During the past two decades, it has been established that the core regions of the relaxed clusters are generally characterized by a strongly peaked X-ray emissivity, indicating efficient cooling of the gas (e.g., Fabian 1994). Quite interestingly, spectroscopic observations with the Chandra and XMM-Newton satellites have demonstrated that, despite strong X-ray emission of the hot gas, only a relatively modest amount of this gas cools down to low temperatures (e.g., Peterson et al. 2001, Böhringer et al. 2001). This result is generally consistent with the low levels of star formation observed in the brightest cluster galaxies (BCGs; e.g., McDonald et al. 2011). It implies that a heating mechanism should compensate for radiative losses, thereby preventing the gas in cluster cores to cool down to low temperature. The presence of cool cores is also reflected in the observed temperature profiles (e.g. Leccardi & Molendi 2008, Pratt et al. 2007, Vikhlinin et al. 2006, see also Figure 4), which exhibit decline of temperature with decreasing radius in the innermost regions of relaxed cool-core clusters.

Figure 4

Figure 4. Comparison between temperature profiles, normalized to the global temperature measured within R180 by Leccardi & Molendi (2008), for a set of about 50 nearby clusters with z ltapprox 0.3 and with temperature kBTX > 3 keV, observed with the XMM-Newton (dots with errorbars) and results from cosmological hydrodynamical simulations including the effect of radiative cooling, star formation and supernova feedback in the form of galactic winds (solid curve; Borgani et al. 2004). From Leccardi & Molendi (2008).
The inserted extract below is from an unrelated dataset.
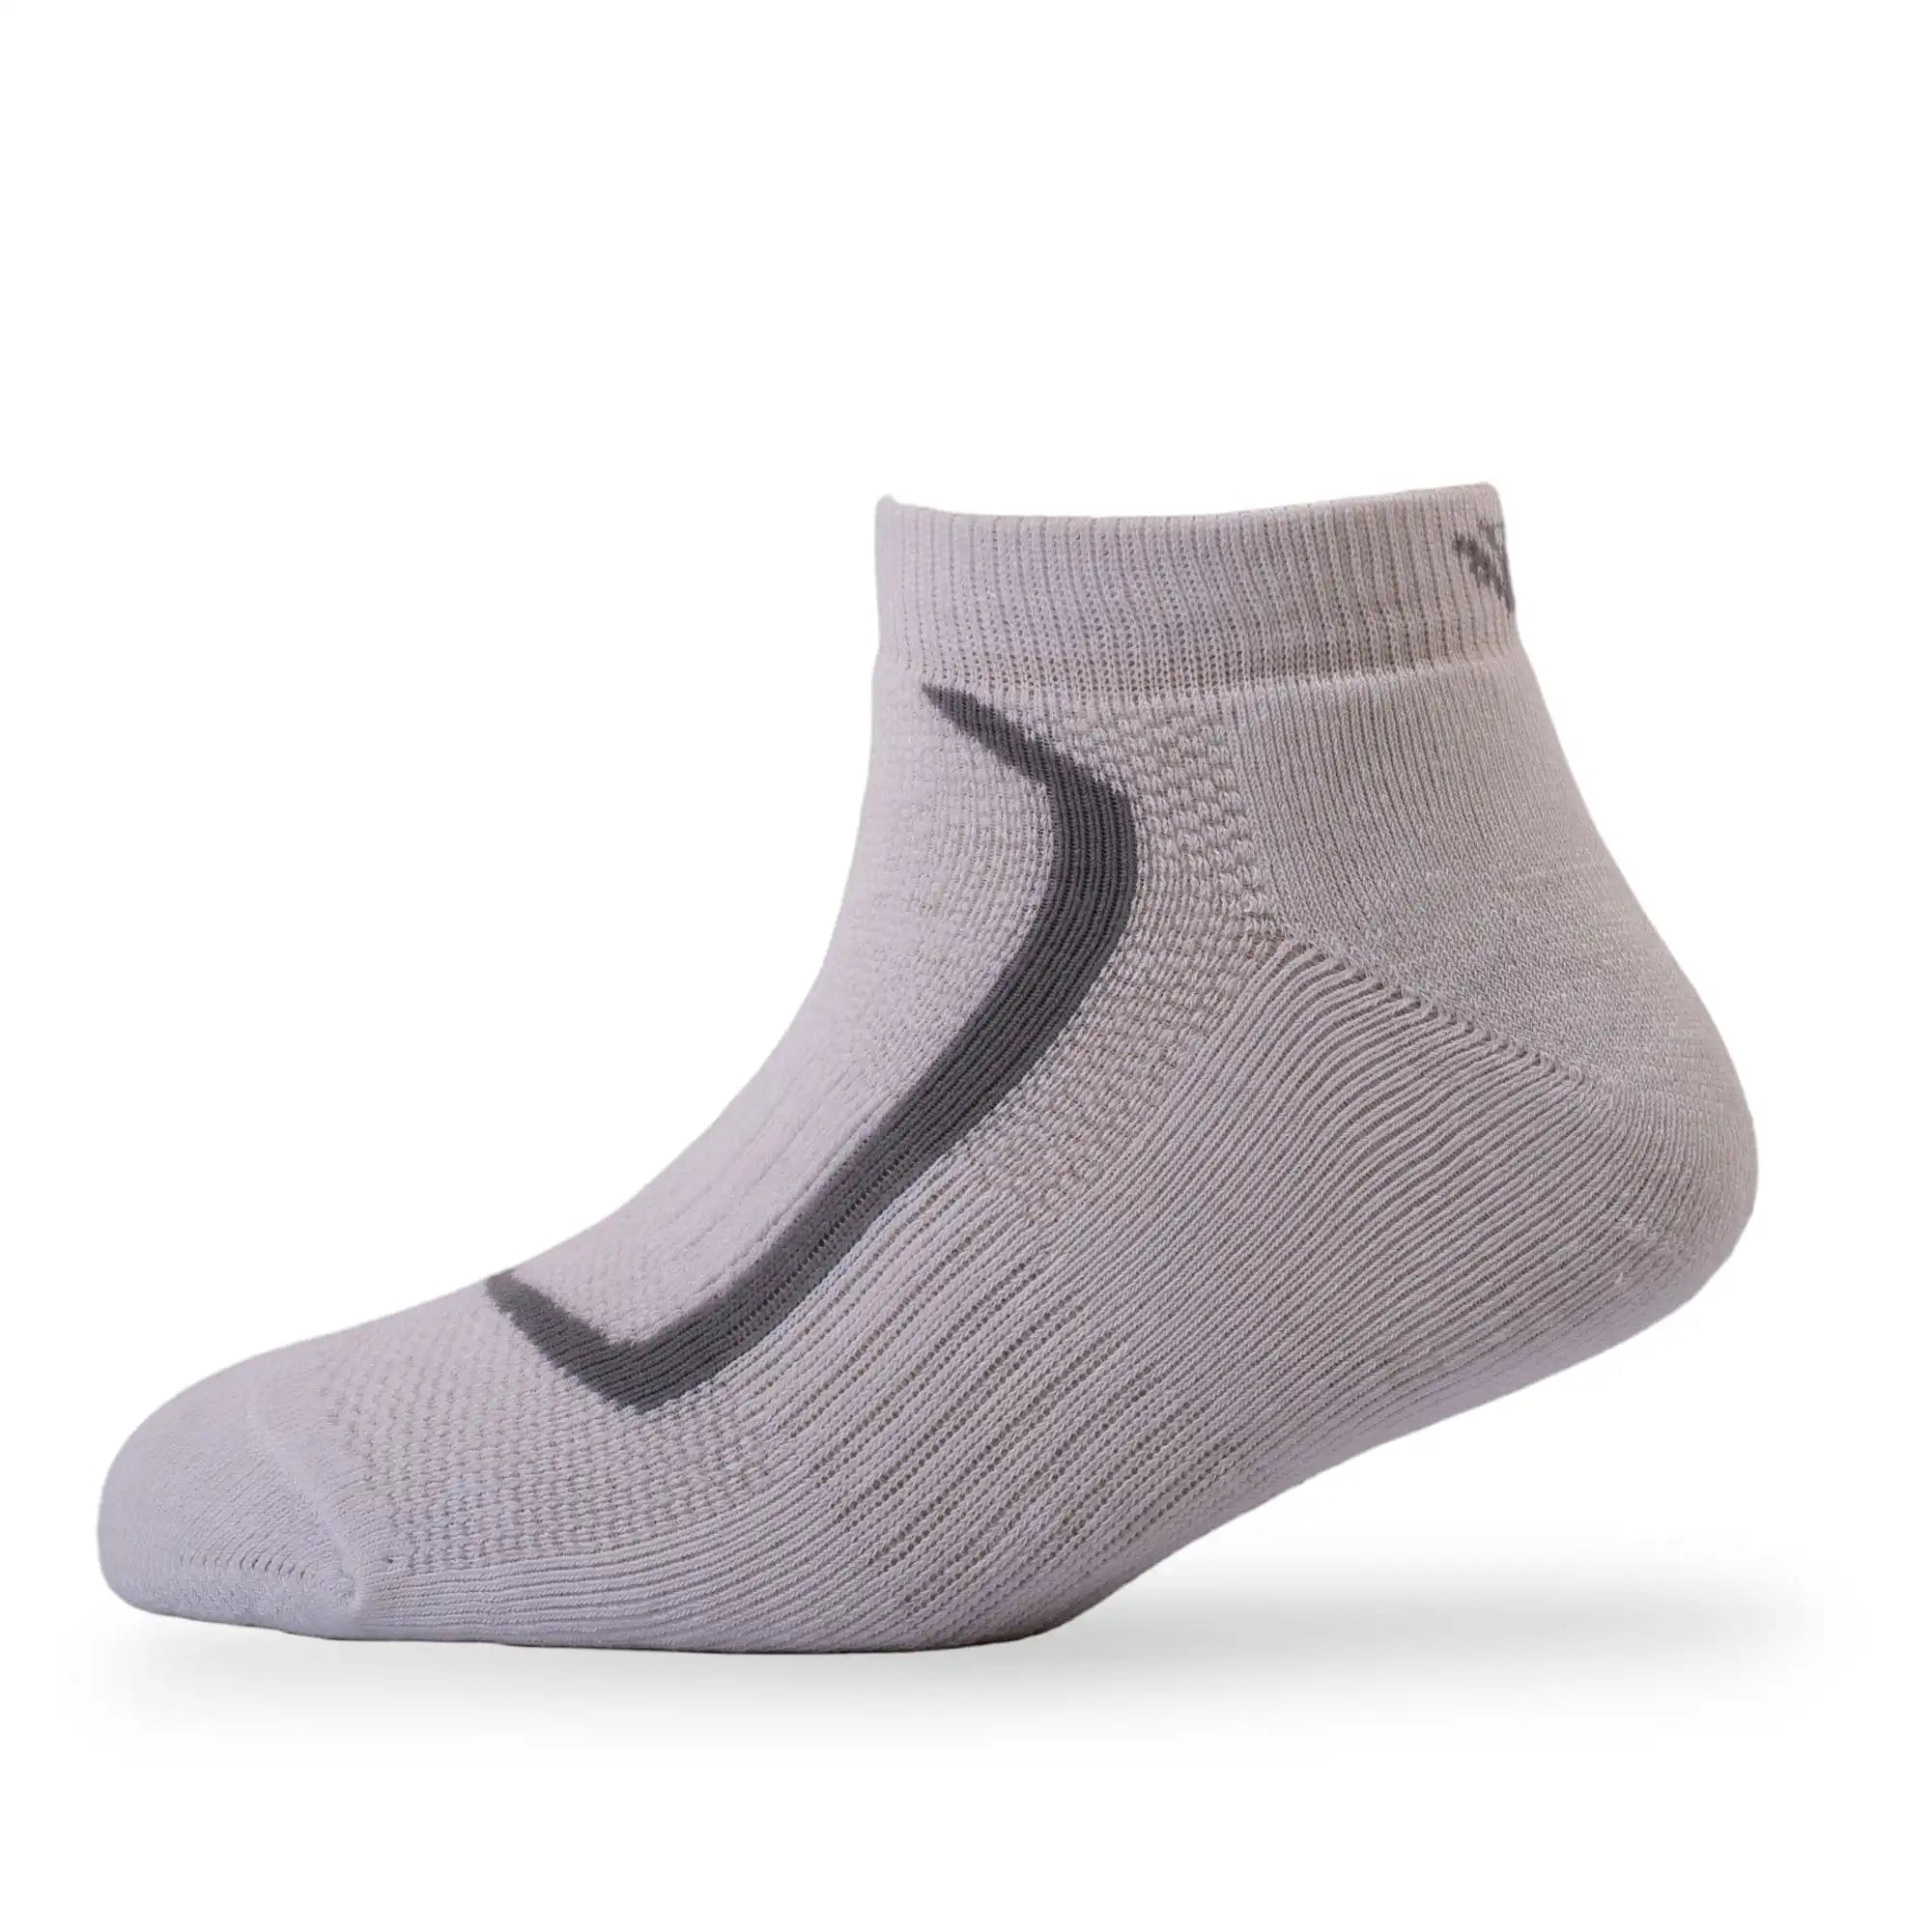 Young Wings Men's Multi Colour Cotton Fabric Design Low Ankle Length Socks - Pack of 3, Style no. 1604-M1

One of the most important and most widely studied aspects of ICM properties are correlations between its different observable integrated quantities and between observable quantities and total mass. Such scaling relations are the key ingredient in cosmological uses of clusters, where it is particularly desirable that the relations are characterized by small scatter and are independent of the relaxation state and other properties of clusters. Although clusters are fascinatingly complex systems overall, they do exhibit some remarkable regularities. As an example, Figure 5 shows the correlation between the bolometric luminosity emitted from within R500 and the YX parameter defined as a product of gas mass within R500 and ICM temperature derived from the X-ray spectrum within the radial range (0.15 - 1)R500 (Kravtsov, Vikhlinin & Nagai 2006) for the Representative XMM-Newton Cluster Structure Survey (REXCESS) sample of clusters studied by Pratt et al. (2009). Different symbols indicate clusters in different states of relaxation, whereas clusters with strongly peaked central gas distribution (the cool core clusters) and clusters with less centrally concentrated gas distribution are shown with different colors. The left panel shows total luminosity integrated within radius R500, wheareas the right panel shows luminosity calculated with the central region within 0.15R500 excised. Quite clearly, the core-excised X-ray luminosity exhibits remarkably tight correlation with YX, which, in turn, is expected to correlate tightly with total cluster mass (Kravtsov, Vikhlinin & Nagai 2006, Stanek et al. 2010, Fabjan et al. 2011). This figure illustrates the general findings in the past decade that clusters exhibit strong regularity and tight correlations among X-ray observable quantities and total mass, provided that relevant quantities are measured after excluding the emission from cluster cores.

Figure 5

Figure 5. Correlation of bolometric luminosity of intracluster gas and YX ident Mgas TX, where Mgas is the mass of the gas within R500 and TX is temperature derived from the fit to gas spectrum accounting only for emission from radial range (0.15 - 1)R500. Results are shown for the local clusters from the Representative XMM-Newton Cluster Structure Survey sample of Pratt et al. (2009). The left panel shows total luminosity integrated within radius R500, whereas the right panel shows bolometric luminosity calculated with the central 0.15R500 of the cluster excised. Labels in the top left corner indicate the radial range used in computing the luminosity and logarithmic scatter of luminosity at fixed YX. The blue points show cool core clusters, whereas magenta points are non-cool core clusters. Clusters classified as relaxed and disturbed are shown by circles and squares, respectively. Note that exclusion of the cluster cores reduces the scatter between luminosity and YX by more than a factor of two.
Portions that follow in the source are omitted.